■ **Goal of the exercise**
Repeat the listing below word for word, minus the pictures.

■ **Collected data**
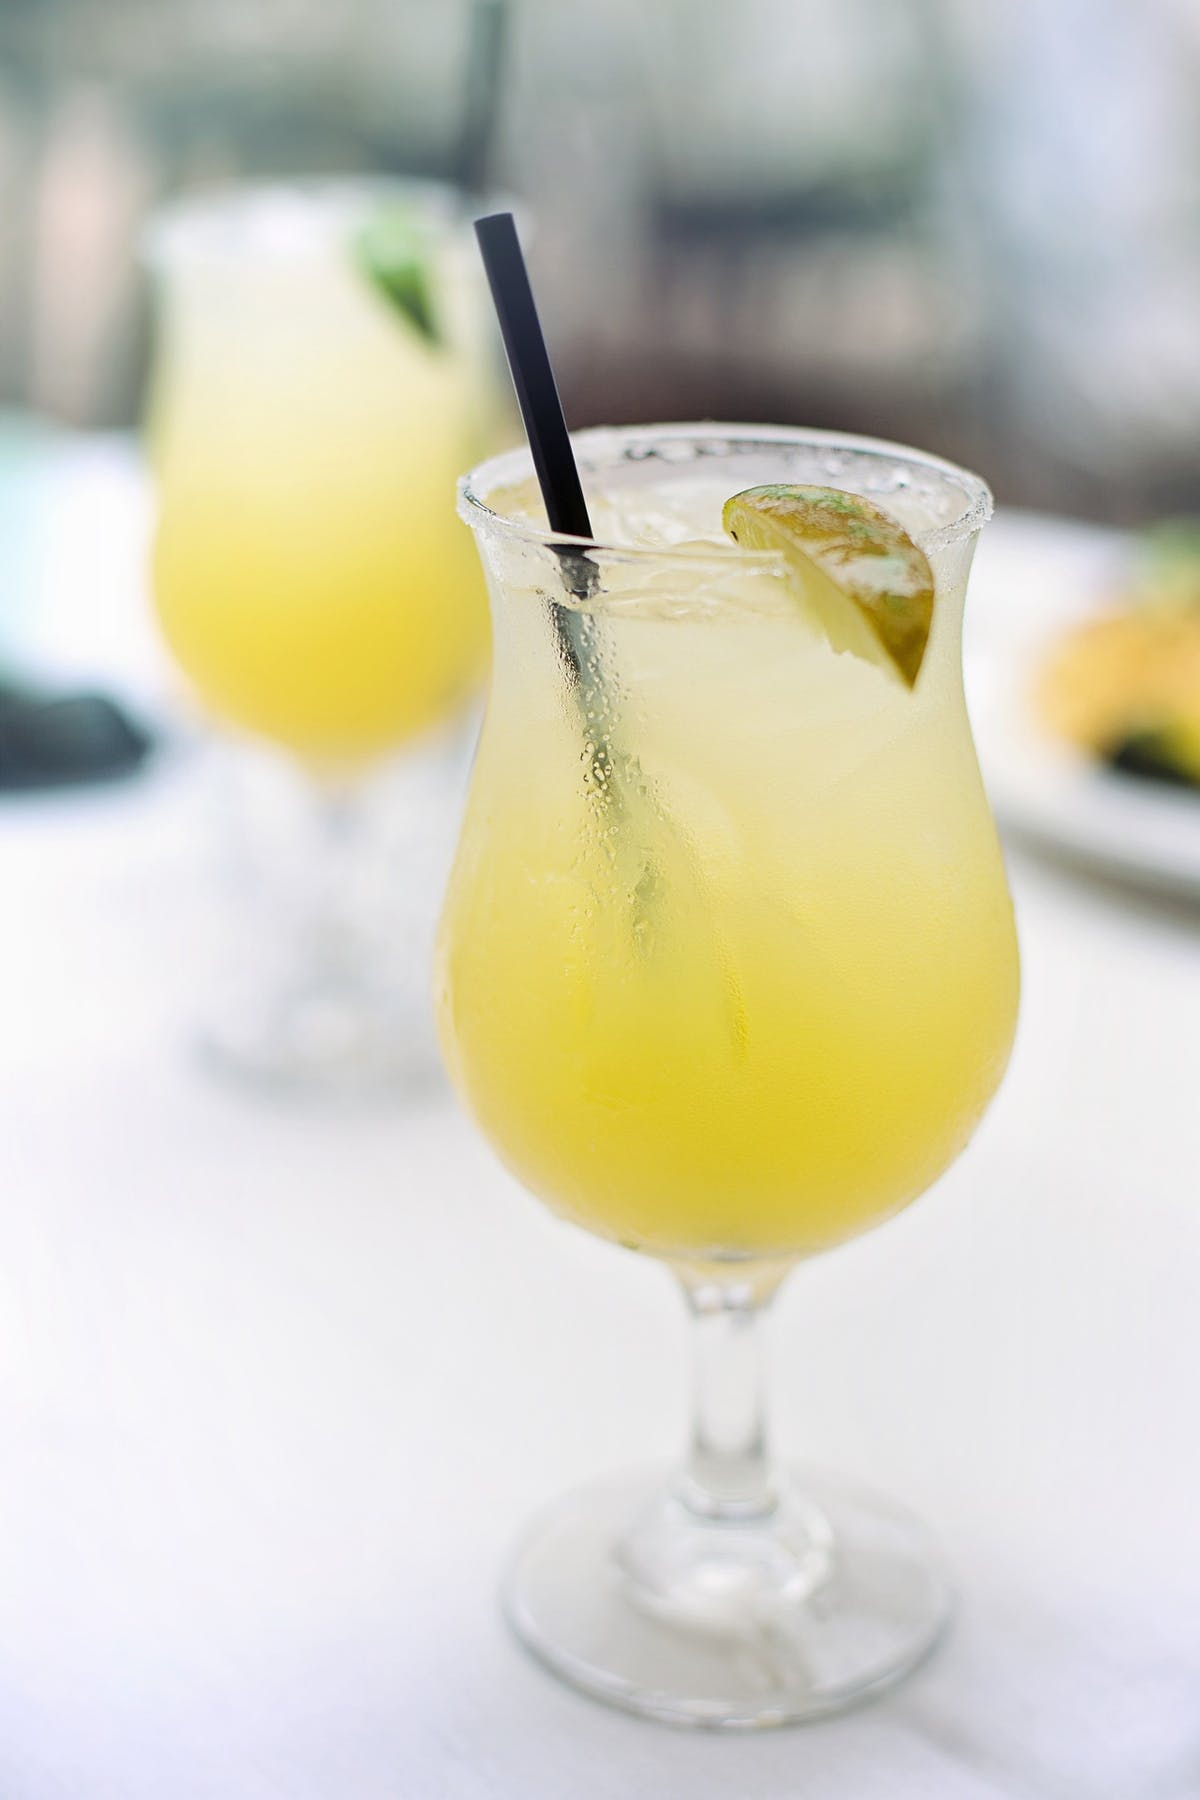 a glass of margarita
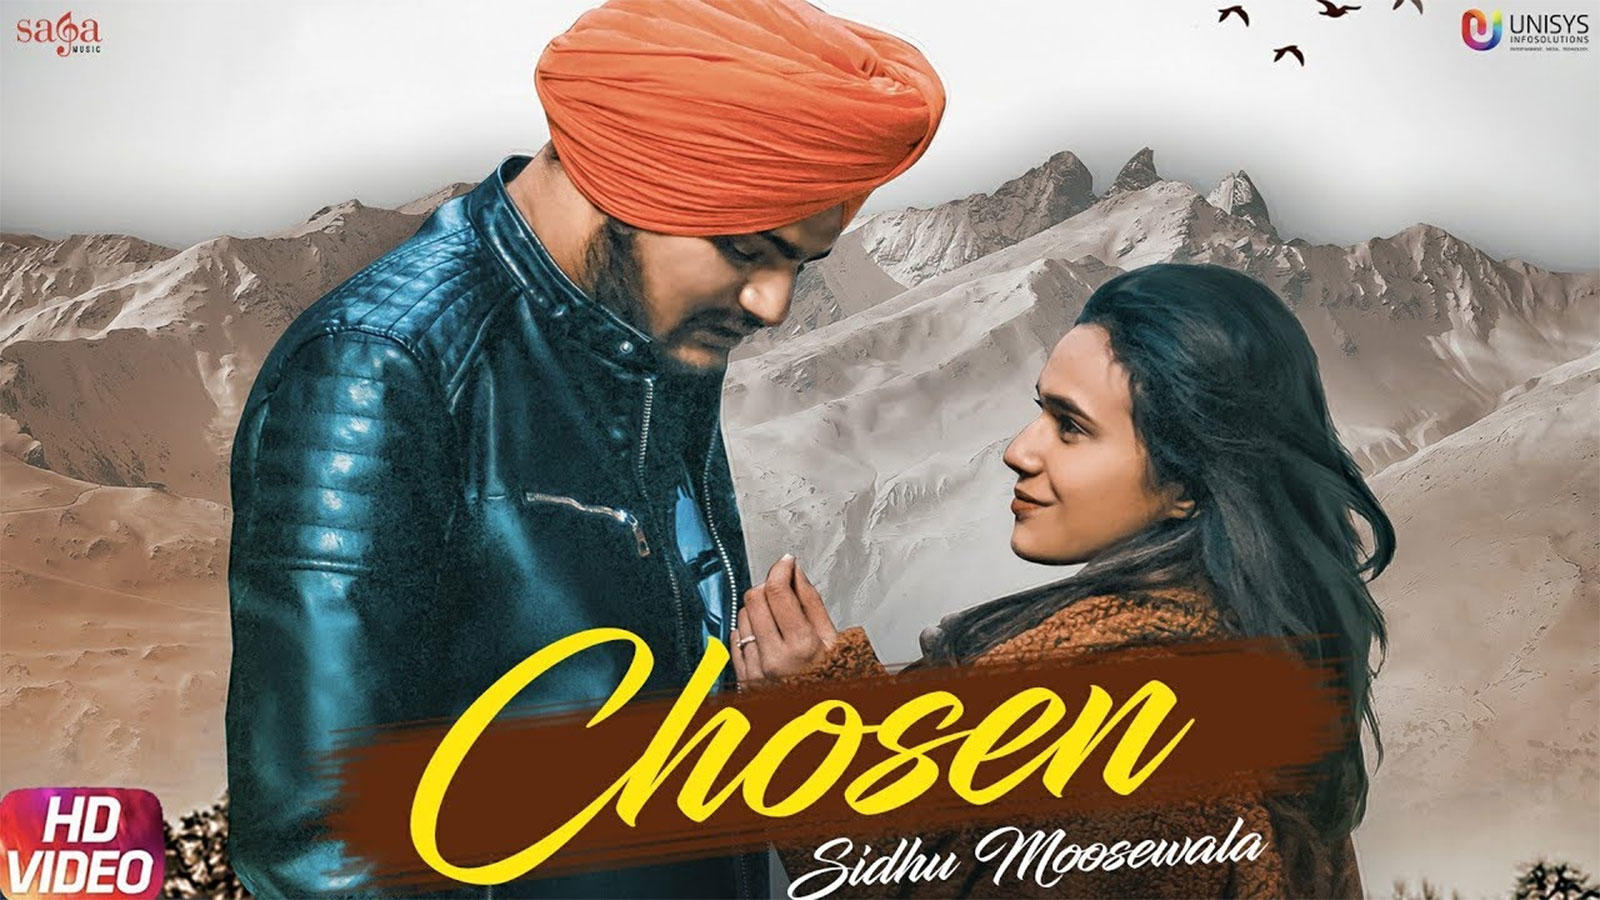 Latest Punjabi Song Chosen Sung By Sidhu Moosewala Ft Sunny 1600x900
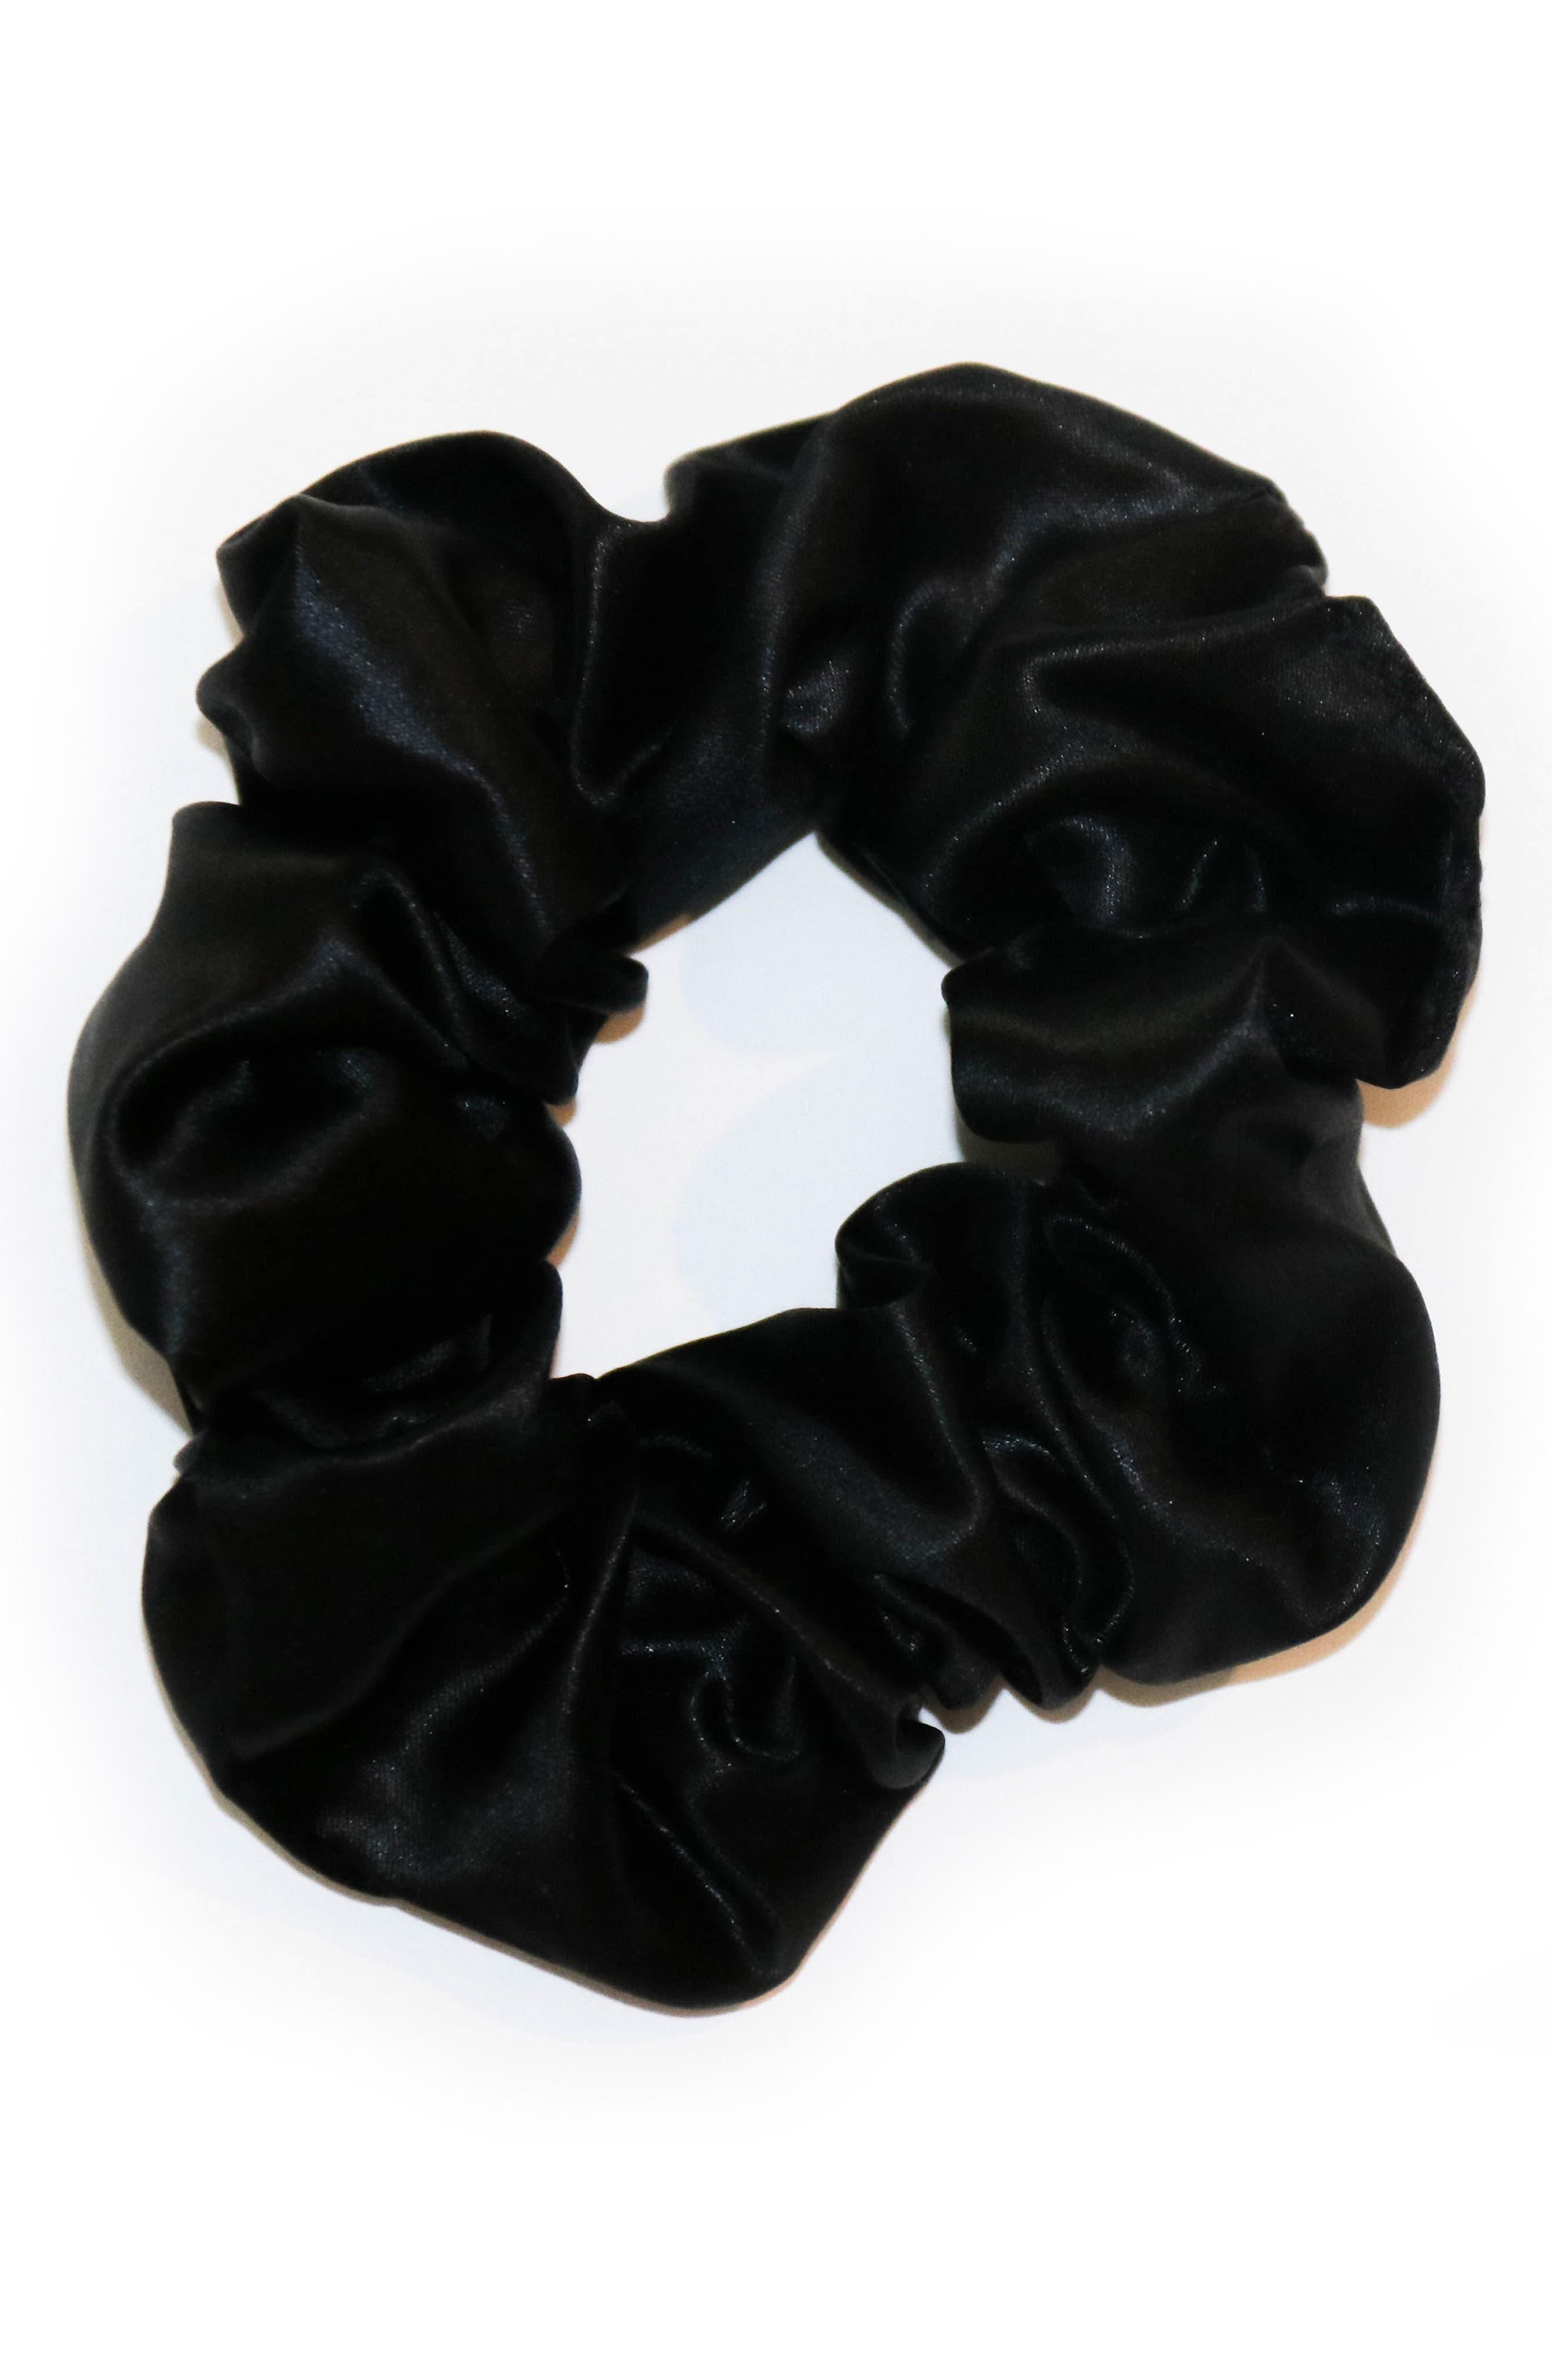 SLIP FOR BEAUTY SLEEP, slip<sup>™</sup> for beauty sleep 3-Pack Slipsilk<sup>™</sup> Hair Ties, Alternate thumbnail 2, color, BLACK

■ **Answer box**
 a glass of margarita
 Latest Punjabi Song Chosen Sung By Sidhu Moosewala Ft Sunny 1600x900
 SLIP FOR BEAUTY SLEEP, slip<sup>™</sup> for beauty sleep 3-Pack Slipsilk<sup>™</sup> Hair Ties, Alternate thumbnail 2, color, BLACK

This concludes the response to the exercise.